Sales of both drugs are moving in the right direction, but they leave the company far too dependent on continued growth from Soliris. The rare-disease drug was responsible for 87% of total revenue last year, and its sales growth slowed to just 6% in the fourth quarter. If a potential competitor in late-stage testing enters the fray, Alexion's top line could quickly begin contracting.
3. Merck & Co.: Double blunders
Alexion's overestimation of Synageva's commercial potential was a minor transgression compared to a pair of blunders from one of America's biggest drugmakers. Merck paid $9.5 billion for Cubist pharmaceuticals at the beginning of 2015 to get its hands on Cubicin, a hospital-grade skin-infection antibiotic that the FDA approved in 2003 and Zerbaxa, a new antibiotic for urinary tract and abdominal infections.
Zerbaxa sales are still so weak that Merck doesn't mention them, and Cubicin lost patent protection much earlier than expected. The popular antibiotic generated $1.1 billion in sales for Merck in 2016. Last year, though, cheap generic competition hammered branded Cubicin sales down to just $382 million.
Just six months before Merck overpaid for Cubist, it also shelled out $3.9 billion for a biotech called Idenix and its hepatitis C virus candidate, uprifosbuvir. With competitors racing each other to the bottom, the market for hepatitis C antivirals has collapsed. In response, Merck quietly recorded a $2.9 billion impairment charge related to uprifosbuvir earlier this year.

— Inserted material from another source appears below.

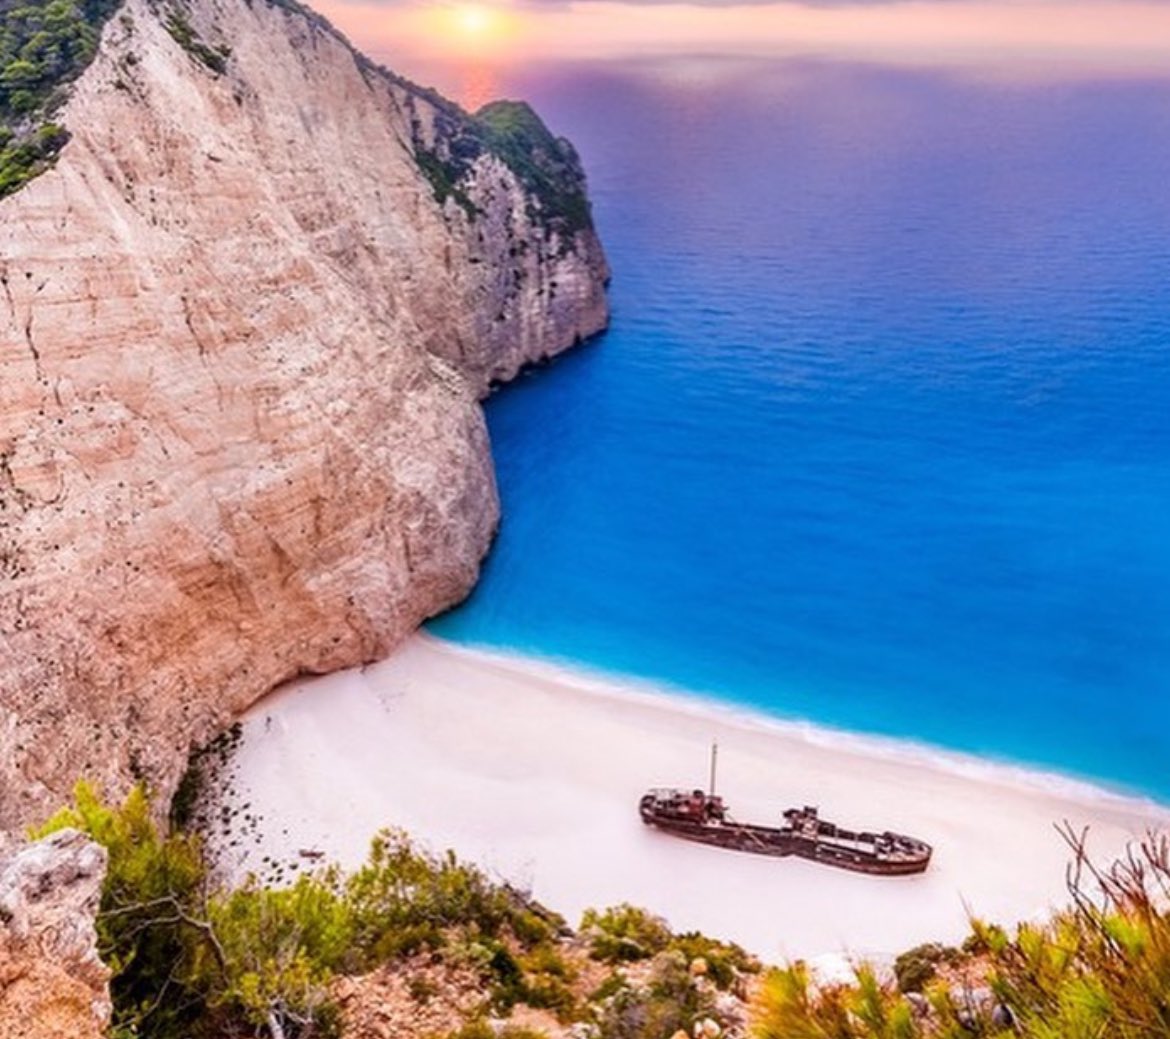 The Panagiotis is a shipwreck lying abandoned on Navagio Beach in Greece. It is a stunning island off the southwest coast of Greece, boasting magnificent beaches, secluded coves, and verdant valleys. While the island is known for its natural beauty, it is perhaps most famous…

Merck is a huge company that generated $40 billion in total revenue last year, and moving the needle isn't easy. Keytruda might be firing on all cylinders, but no company can let over $13 billion go up in smoke without consequences. Squandering heaps on fruitless acquisitions has left the company without enough growth drivers to keep the top line climbing unless Keytruda continues to shine.
4. AbbVie Inc.: Surprised, anyone?
Perhaps the only big acquisition less sensible than Merck's splurges was AbbVie's $5.8 billion purchase of Stemcentrx in 2016. The main asset involved was a cancer candidate with mediocre early-stage clinical data called Rova-T.
Investors were still scratching their heads trying to figure out what AbbVie saw in the candidate when management announced it wouldn't seek an accelerated approval for the drug as a lung cancer treatment. It might not be game over for Rova-T, but I'll be surprised if AbbVie's shareholders ever realize a return on the investment.
While you and I might not find ourselves in a position to acquire an entire company, there's an important lesson here for investors big and small. Wait for eye-popping data before you assume anything is worth 10 figures.